■ ASSIGNMENT:
All the lines below should be set down exactly, with no picture carried into the copy.

■ DATA SECTION:
---*---

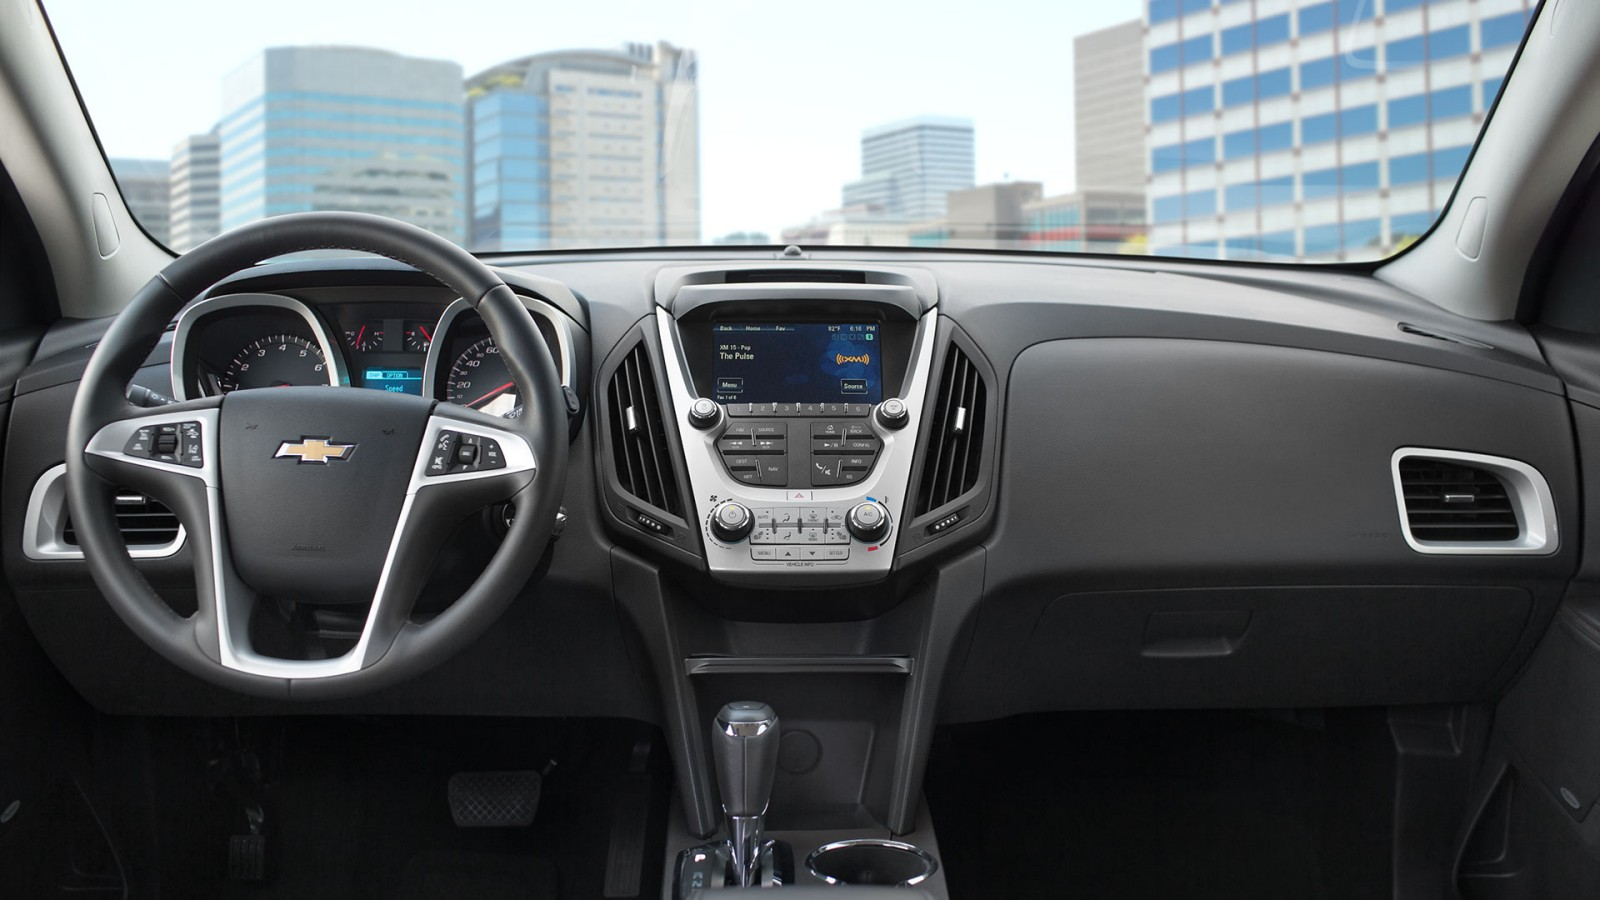 New Chevrolet Equinox Interior main image
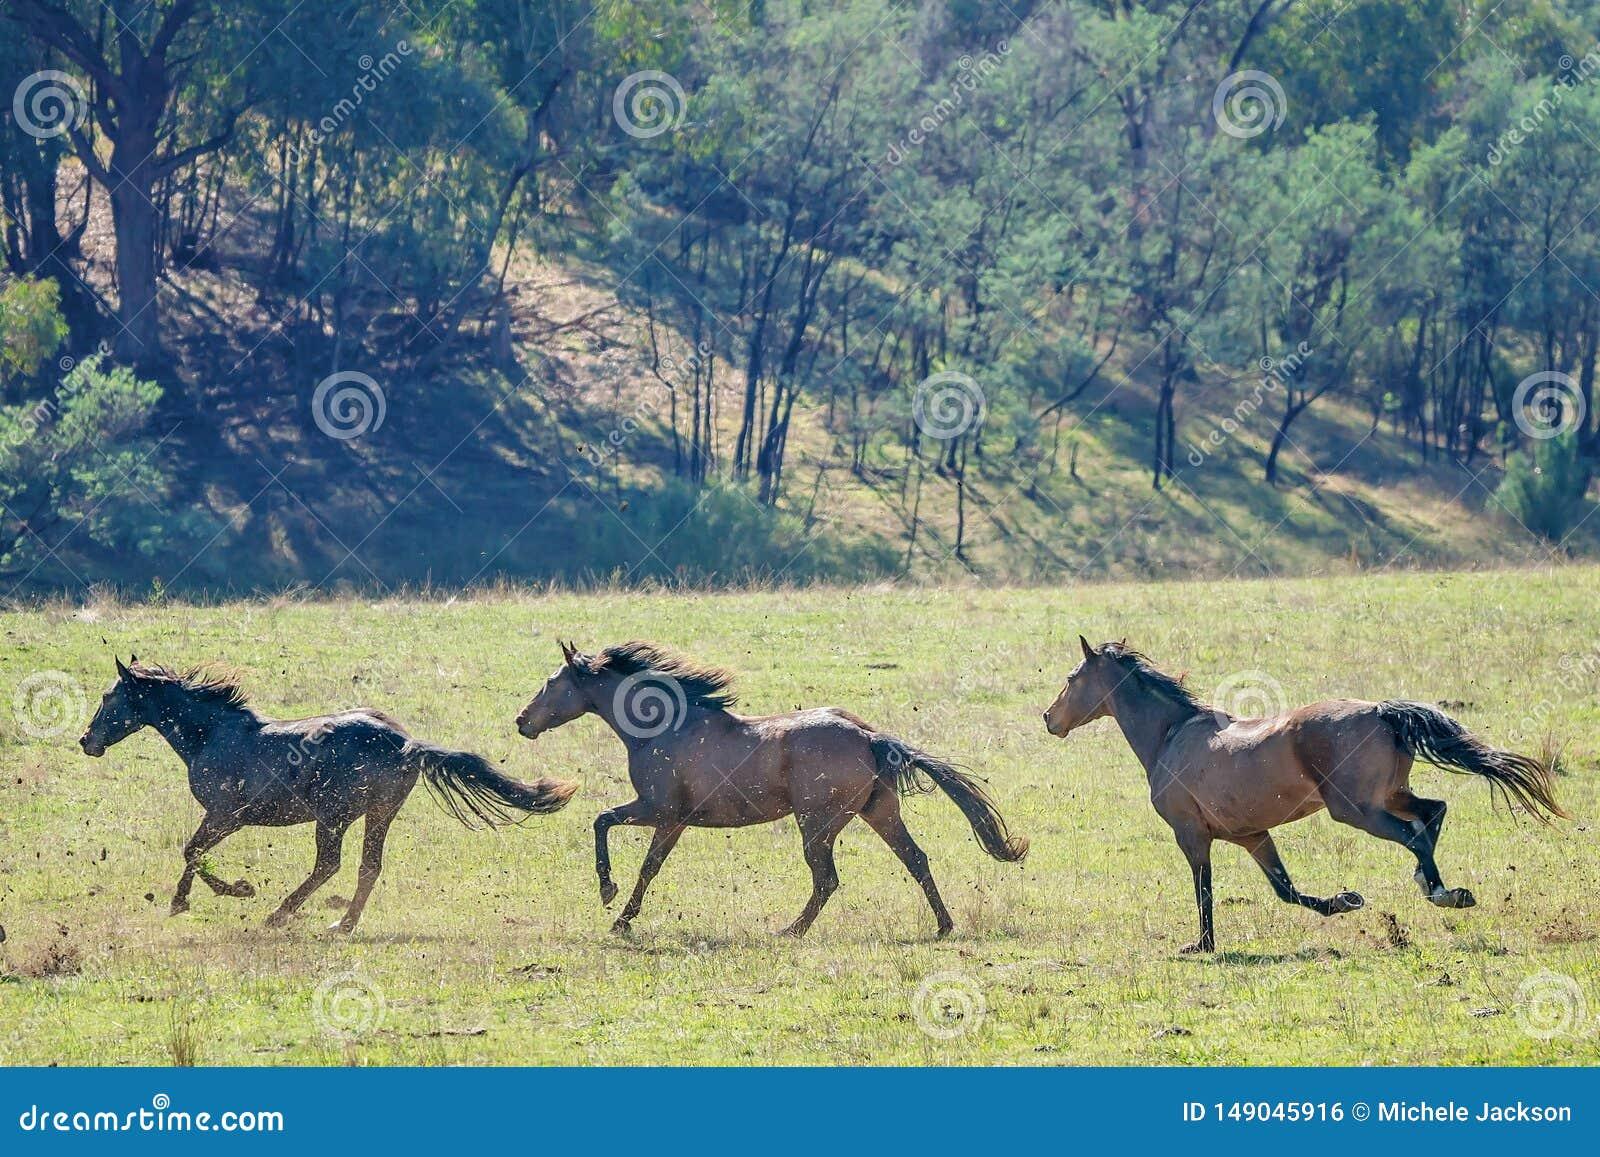 Three Galloping Wild Horses Stock Photo Image Of Horse Galloping 149045916
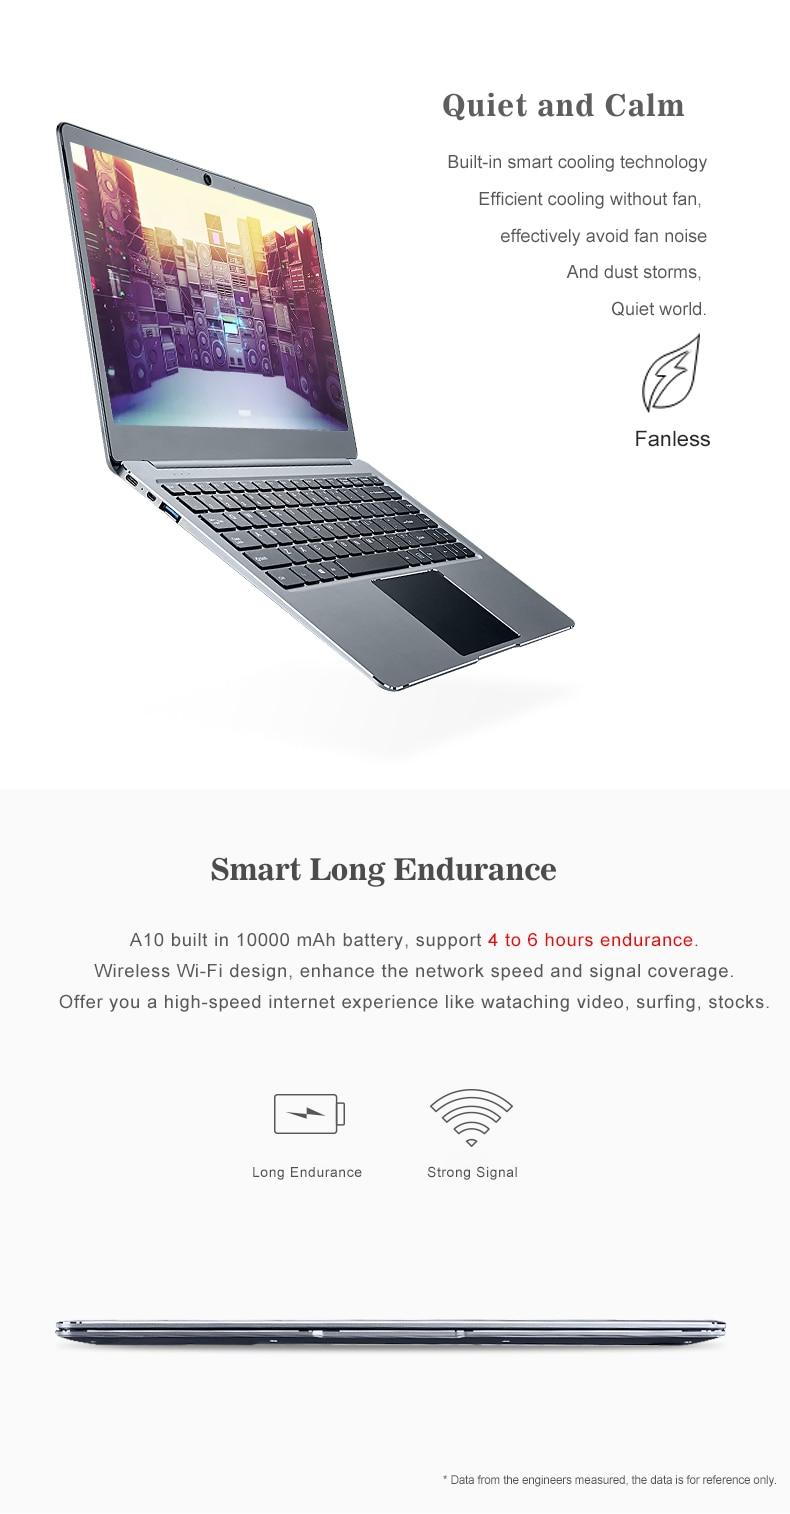 ZEUSLAP 14inch 6gb ram 64gb emmc 128gb ssd Intel quad core windows 10 system ultrathin 1920X1080p fhd laptop notebook computer

---*---

■ ANSWER BOX:
 New Chevrolet Equinox Interior main image
 Three Galloping Wild Horses Stock Photo Image Of Horse Galloping 149045916
 ZEUSLAP 14inch 6gb ram 64gb emmc 128gb ssd Intel quad core windows 10 system ultrathin 1920X1080p fhd laptop notebook computer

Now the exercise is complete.